Starring: Melissa McCarthy, Jason Statham, Rose Byrne, Miranda Hart, Jude Law, Alison Janney, Bobby Cannavale

Written by: Paul Feig

Running Time: 12o mins

Cert: 15

Release date: 5th June 2015

I was beginning to worry a little about Melissa McCarthy’s career. What started out as promising in her scene stealing role in Bridesmaids, she hasn’t shown her full potential since, usually playing foul-mouthed, dim-wits and usually second fiddle to some other bigger name. Now I can stop worrying because Spy allows her full reins to run the show and she does it effortlessly, in what could be the funniest comedy this year. It’s certainly the funniest comedy in a long while.

Desk-bound CIA analyst Susan Cooper has watched for years on the sidelines as her hunky spy, Bradley Fine, becomes the hero of the day while she guides him through the various scenarios. Now that a nuclear bomb has been stolen and all the agents identities reveals by ruthless Raina Boyanov, Susan puts herself forward to try to track down the missing weapon. What she doesn’t realise is once out in the field, this mild-mannered lady must become a ruthless killing machine.

Writer and director Paul Feig, who has already given us Bridesmaids and The Heat, as well as helming the new Ghostbusters, has taken the whole spy genre and turned it on its head. Like Kingsman, this is a dizzy mix of laugh-out-loud comedy and graphic violence, yet here the gore factor is not as prevalent although the action is firmly in place.

Having the feel of a Bond film, from the full orchestration and Maurice Binder-style opening credits, to the joyful bouncing from one country to another, this never once takes itself too seriously, even if the subject of nuclear weapons are mentioned. It’s also gloriously female heavy, allowing four very smart and witty women taking centre-stage.
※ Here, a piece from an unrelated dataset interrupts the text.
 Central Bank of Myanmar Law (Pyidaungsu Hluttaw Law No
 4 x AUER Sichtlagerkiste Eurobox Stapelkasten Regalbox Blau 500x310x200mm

Melissa McCarthy shines. Giving her plenty of room to go from the cute and down-trodden, to the fast-talking, acid-tongue agent, McCarthy is allowed opportunity to ad-lib, which she relishes with glee. Along side her is our very own Miranda Hart, making her Hollywood debut. Playing her best friend, the two females bounce off each other like old school friends, with Hart being, well, Miranda.

Rose Byrne reunites with McCarthy after their Bridesmaid stint, as the devilish villainess. With her enormous hair and skin-tight outfits, she looks like she’s having the best time ever going all bad. Another bonus is the ever reliable Alison Janney as the CIA boss. No matter how small or large the role, Janney gives it everything and here its no exception. Maybe one day, they will see her potential as a possible lead.

The males don’t come out too bad either. Jude Law gets to play Bond-ish as a handsome and smooth CIA operative with the dinner jackets and his handiness with a gun, while Jason Statham almost steals the whole film from under everyone’s noses with a superb piece of self-mockery, as a tough, straight-talking spy with a hundred horror stories who may come out with all the bravado but in most cases is utterly useless. It’s great to see The Stath in comic form and he needs to show this side more often.

Spy is a big, fat crowd-pleaser in every way. It is genuinely funny, has plenty of exciting moments and enough staying power for a few more movies in the future. It’s not perfect: it relies heavily of being very swearing for some of the laughs and it does dip slightly in the middle but that can all be forgiven, In a time when comedies haven’t been that funny recently, it’s so refreshing to see a film where the audience are not just tittering but belly laughing. It also bodes well for the new Ghostbusters film.